» Assignment: Only one stretch of the records below is wanted: the lines from the one holding "Aspirateur sans sac" through the one holding "Critique – Bad Cat, Shero shot first !". Return it exactly, both ends included.

» Records shown:
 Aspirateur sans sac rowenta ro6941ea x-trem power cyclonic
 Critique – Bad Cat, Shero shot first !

...

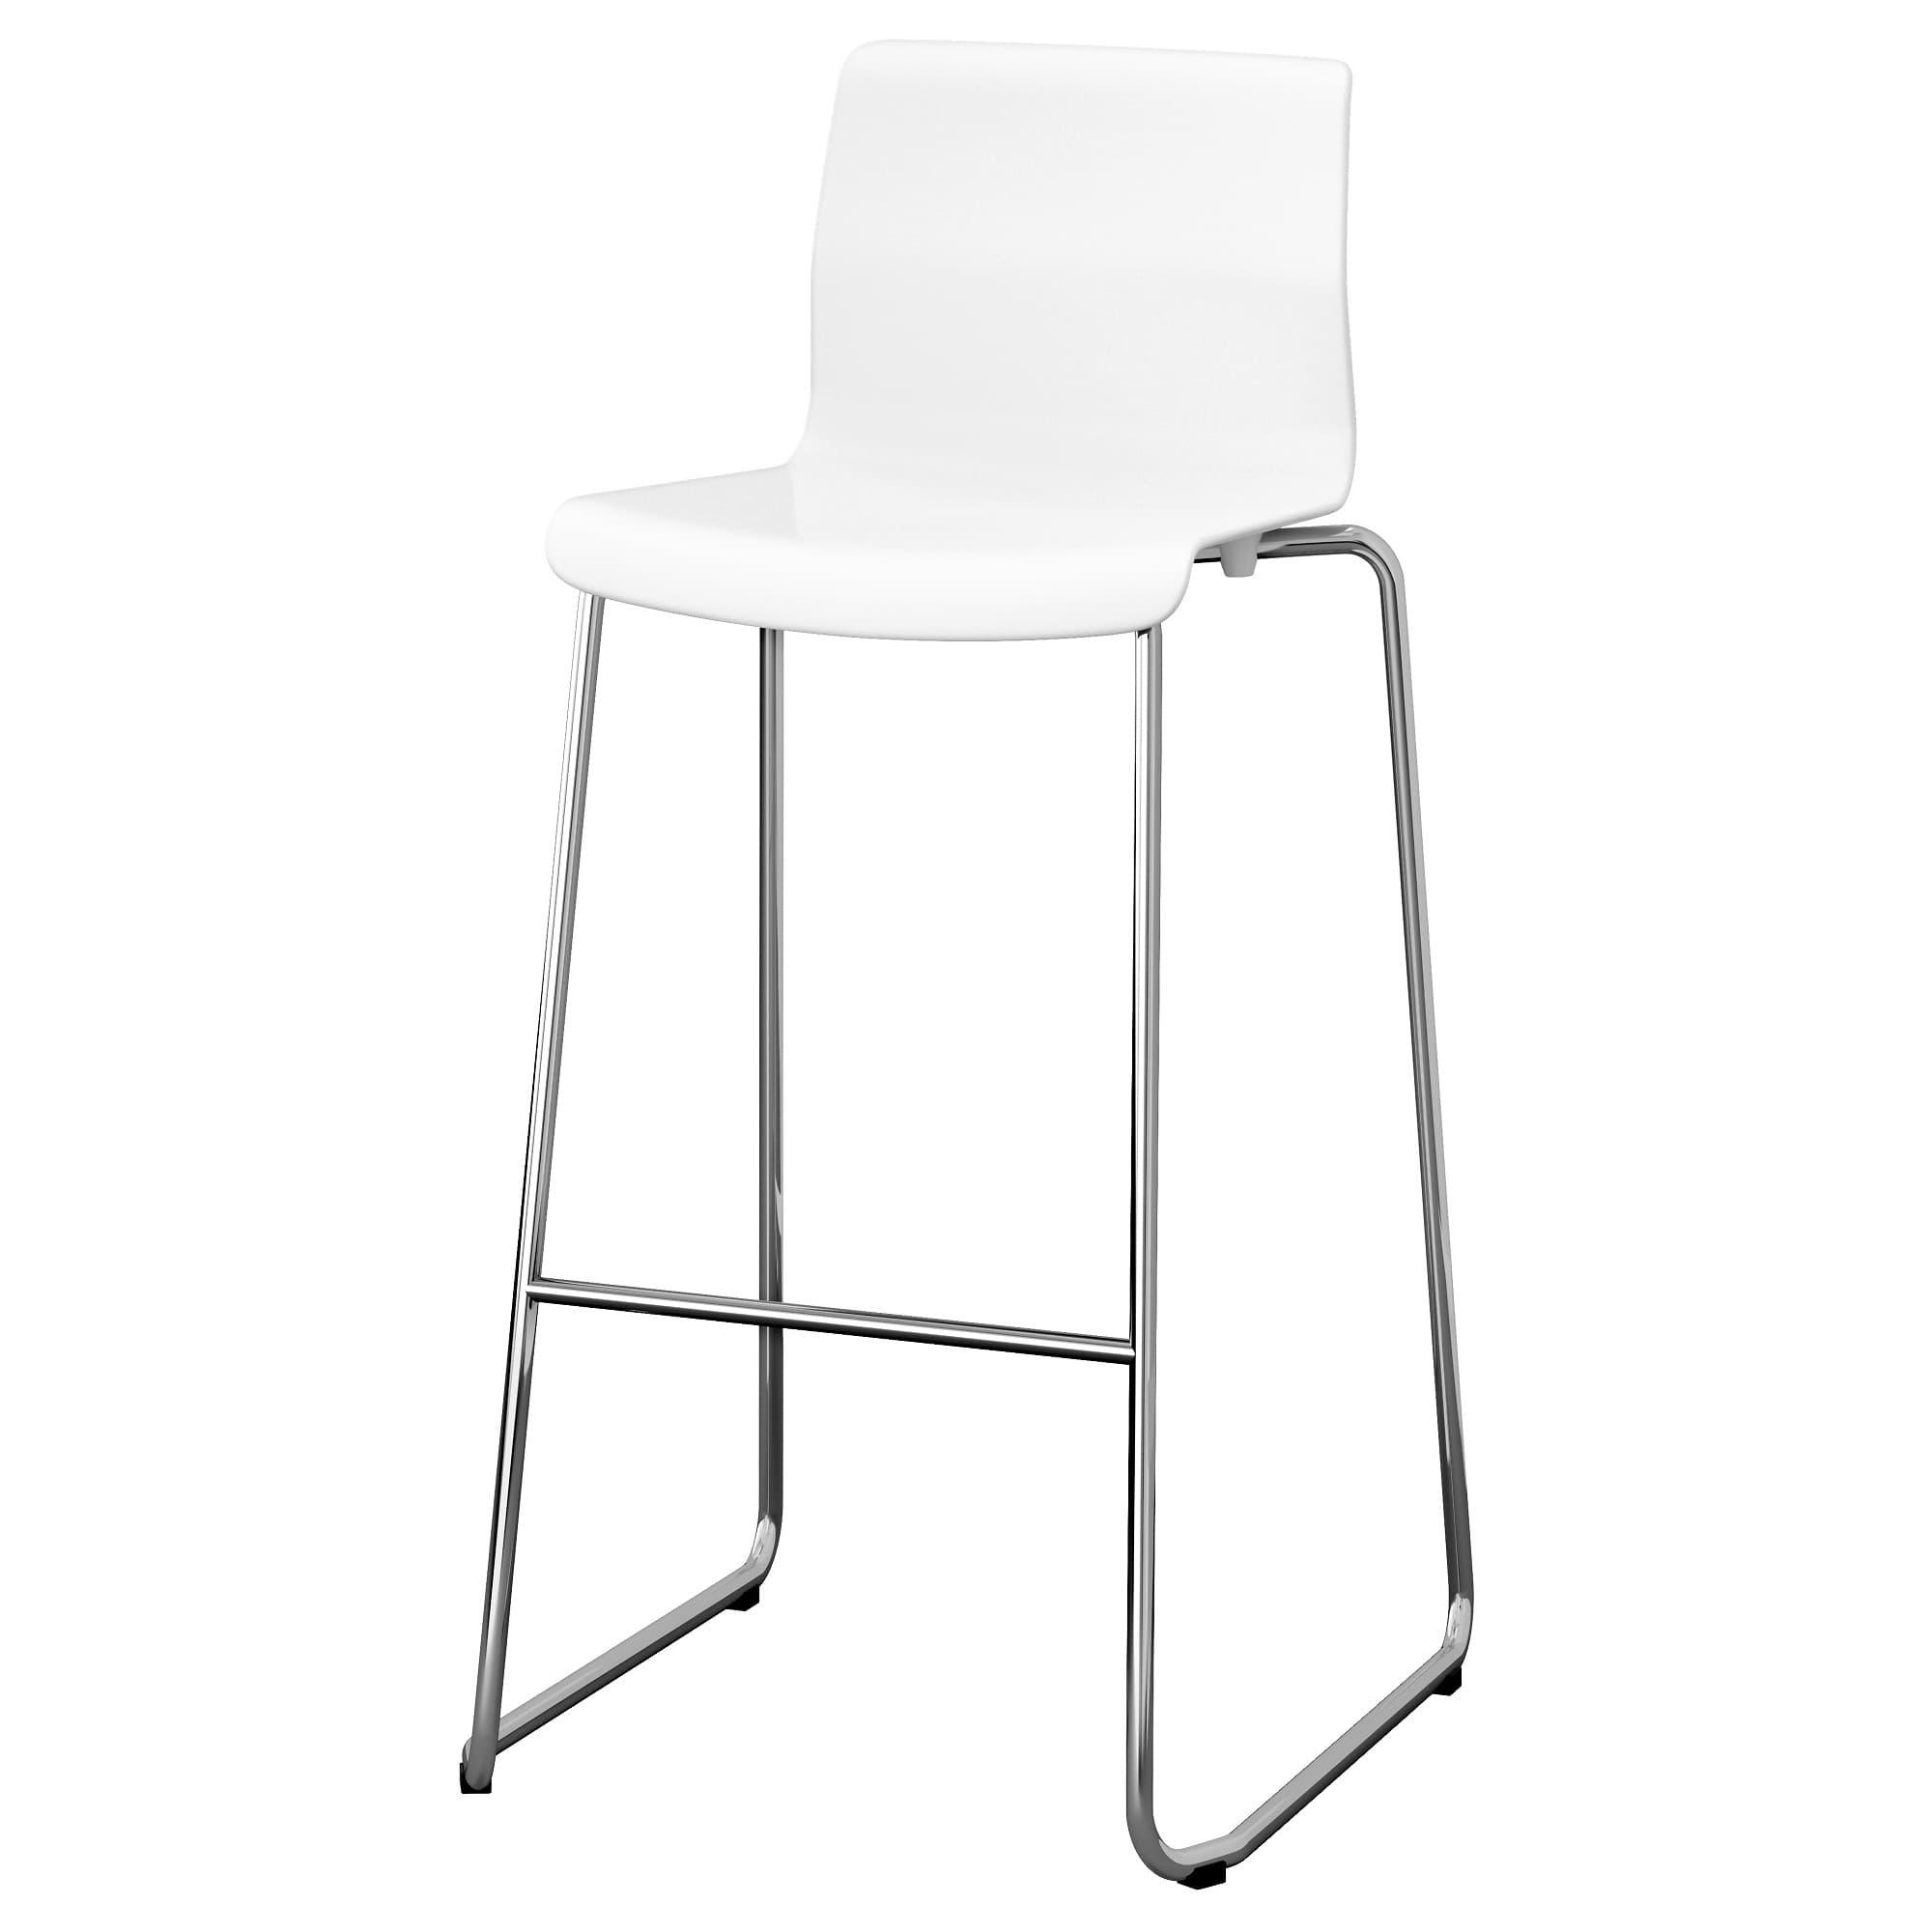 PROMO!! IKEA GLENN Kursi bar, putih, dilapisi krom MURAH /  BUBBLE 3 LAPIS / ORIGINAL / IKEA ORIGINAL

» Exercise response:
 Aspirateur sans sac rowenta ro6941ea x-trem power cyclonic
 Critique – Bad Cat, Shero shot first !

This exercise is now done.